化合物個體有害效應產生的機理可以由一種信號路徑（Pathway）作用或幾種信號路徑共同作用分析得出。Cd 的重要作用機理則是與含巰基、氨基、羧基的蛋白質分子結合形成鎘結合蛋白，使許多酶系統的活性受到抑制和破壞[25]。Cd 對斑馬魚仔魚造成損傷的途徑可能有氧化性損傷、代謝紊亂、炎癥、細胞凋亡等，進一步作用則可能發生癌變。在這些復雜的信號傳遞過程中，與其相關的基因表達可能發生變化。反之，通過研究特定基因表達的變化，則可推斷該化合物造成毒性的作用途徑。例如在4-NP的氧化性壓力下，斑馬魚腫瘤抑制相關基因rb和p53的表達顯著增強[26]。

本研究通過金屬硫蛋白（Metallothionein，MT）、炎癥和癌癥抑制相關基因這3 類功能共7 個基因的表達，探討了0.1 μmol·L-1CdCl2誘導下斑馬魚仔魚免疫毒性的可能機制。金屬硫蛋白MT 是重金屬暴露下生物體內的防御者。如研究證實生物體中MT 通過與Cd 螯合從而降低Cd 的毒性，并且MT 能夠在細胞不同周期抵御重金屬造成的DNA 損傷和細胞凋亡[27]。Bonaventura 等[28]也 研究發現Cd 暴 露刺激下 骨細胞炎癥與MT 的過度表達有顯著相關性。本研究也發現0.1 μmol·L-1CdCl2暴露顯著誘導了轉基因斑馬魚MT相關基因dMT的表達。

環境污染物致癌是一個相當復雜的過程，其機理可能涉及污染物通過直接和各種間接途徑產生遺傳性損傷，通過干擾細胞信號傳導系統誘導原癌基因和蛋白的表達，以及抑制機體免疫防御功能等許多方面。免疫系統是生物異源物質毒性效應的主要靶系統之一。在癌癥形成過程中，免疫炎癥也發揮著重要的調節作用。例如，人體肺細胞（BEAS-2BR細胞）在Cd 暴露下激活了tnf-α、nf-κb及cox-2基因和蛋白的表達，從而產生炎性微環境，這與肺癌的發生有密切關系[29]。大鼠小腸上皮（IEC-6）細胞在Cd 的慢性暴露中，不僅降低了抑癌基因p53的表達水平，而且還降低了UBE2D家族基因的表達[30]。因此研究免疫系統的變化，不僅可以對癌癥起到預警作用，還可以從機制上尋求癌癥發生的可能途徑。本研究發現0.1 μmol·L-1CdCl2暴露顯著誘導了轉基因斑馬魚炎癥相關基因（serp、tnf）的表達，抑制了癌癥抑制相關基因（ccgn1、chk2、p53）的表達。
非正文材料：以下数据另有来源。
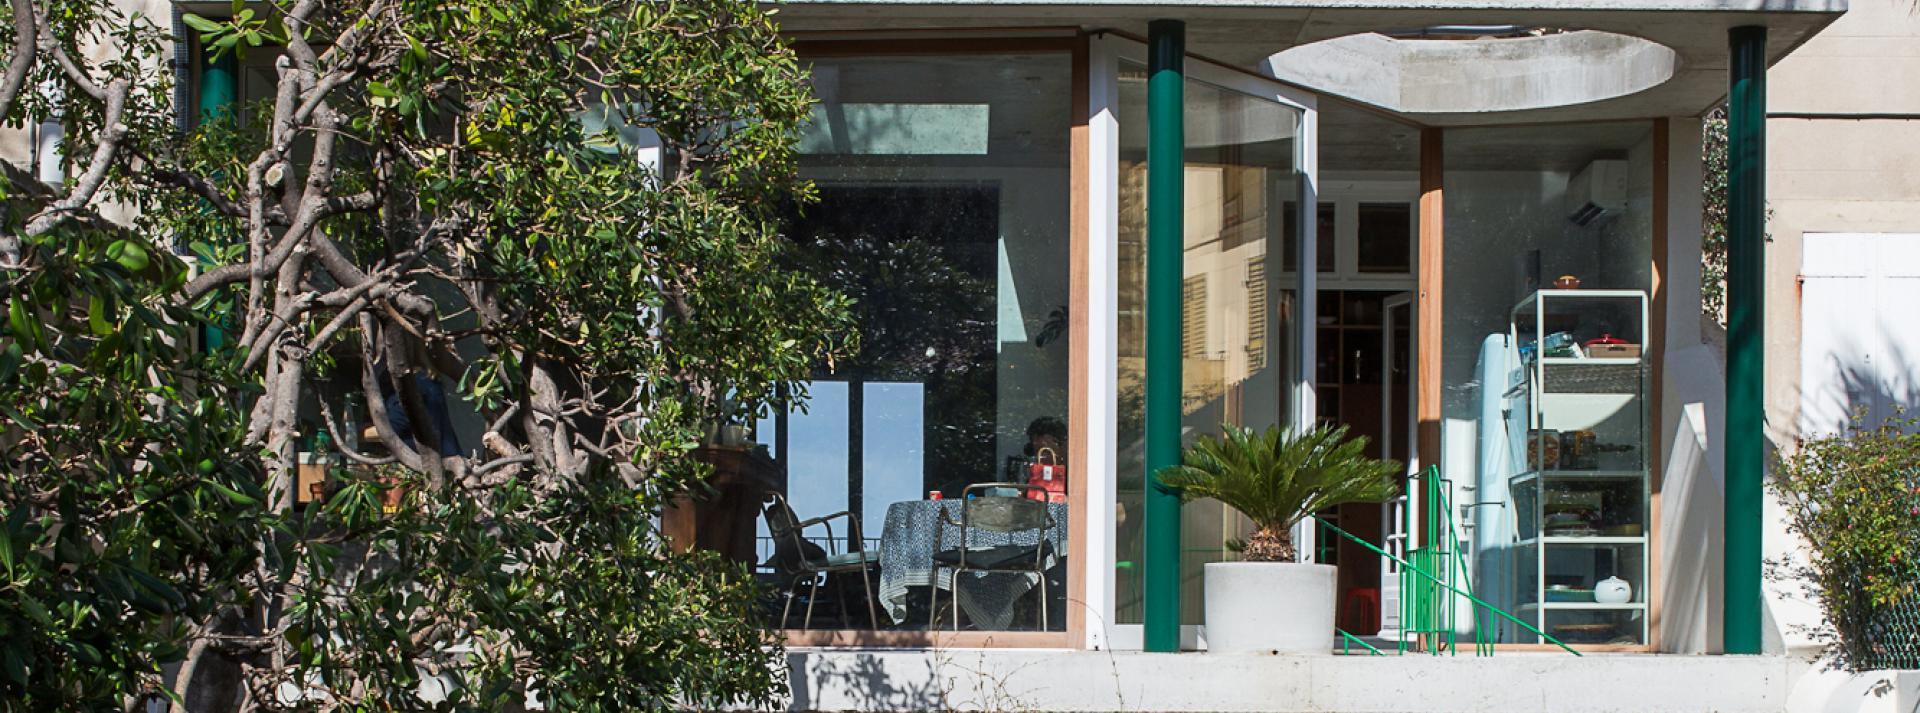 structures usages par fran ois chas nicolas gu rin fabrice long paul ma tre devallon. Black Bedroom Furniture Sets. Home Design Ideas
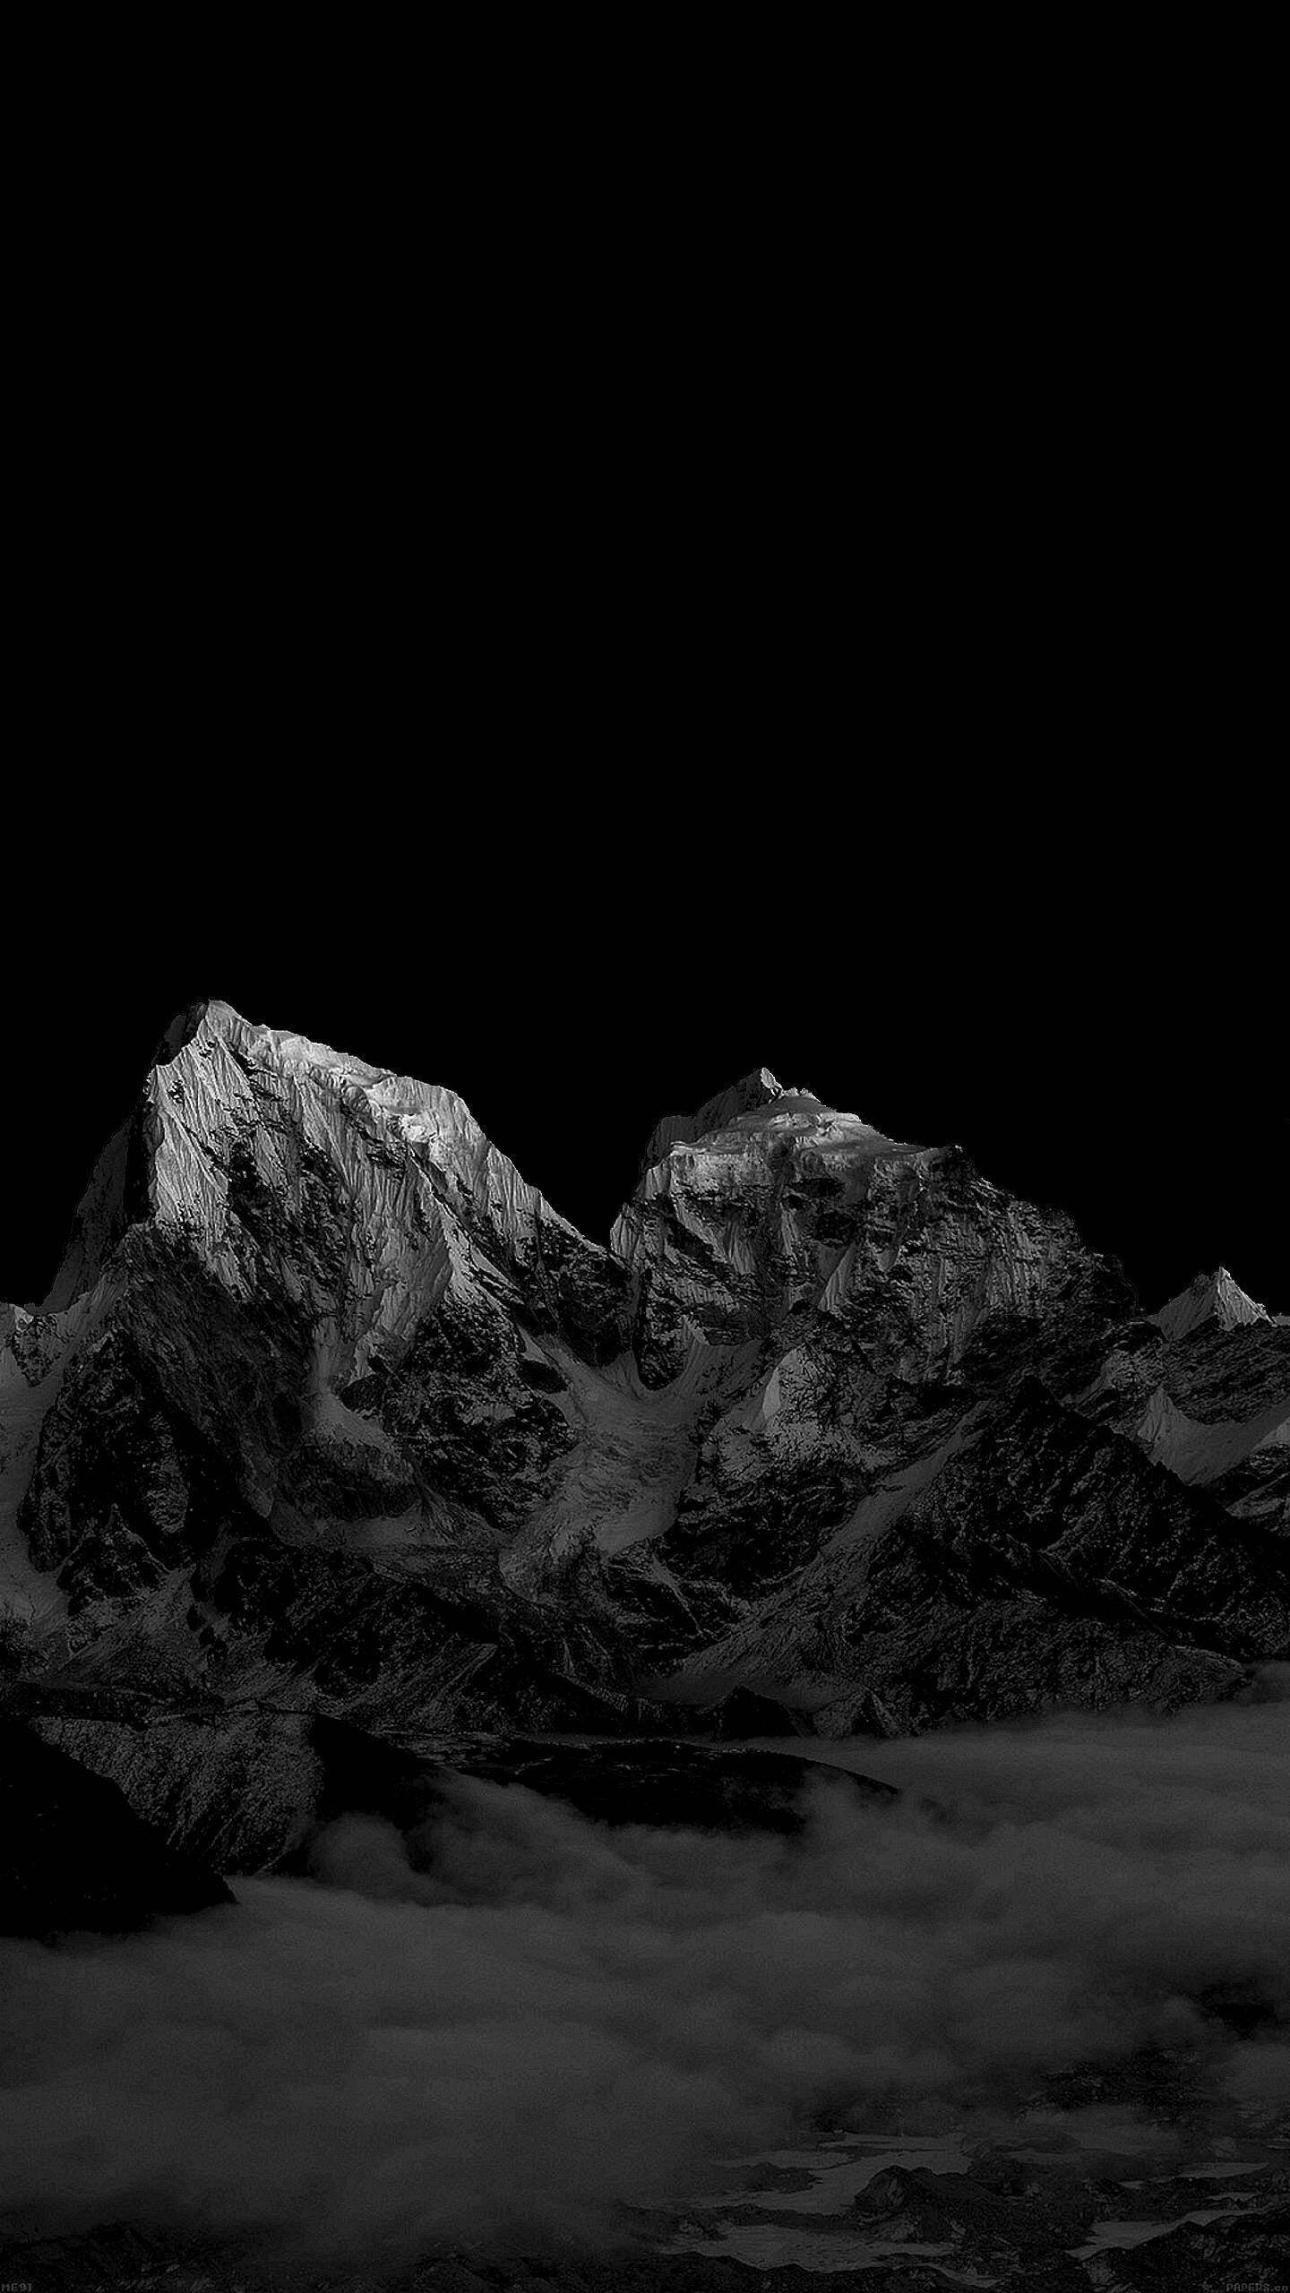 Mountains Black Wallpaper Iphone Dark Iphone Wallpaper Mountains Black Wallpaper Iphone

因此，Cd 對轉基因斑馬魚免疫毒性的機制與上述基因表達的變化具有一定的相關性，并且0.1 μmol·L-1CdCl2暴露對斑馬魚仔魚具有致癌風險。

4 結論

（1）0.01 μmol·L-1CdCl2對斑馬魚胚胎產生發育毒性，并且能夠暴露顯著誘導轉基因斑馬魚的免疫毒性。

（2）Cd 免疫毒性的機制與其誘導金屬硫蛋白相關基因（dMT）、炎癥相關基因（serp、tnf）的表達及抑制癌癥相關基因（ccng1、chk2、p53）的表達有關。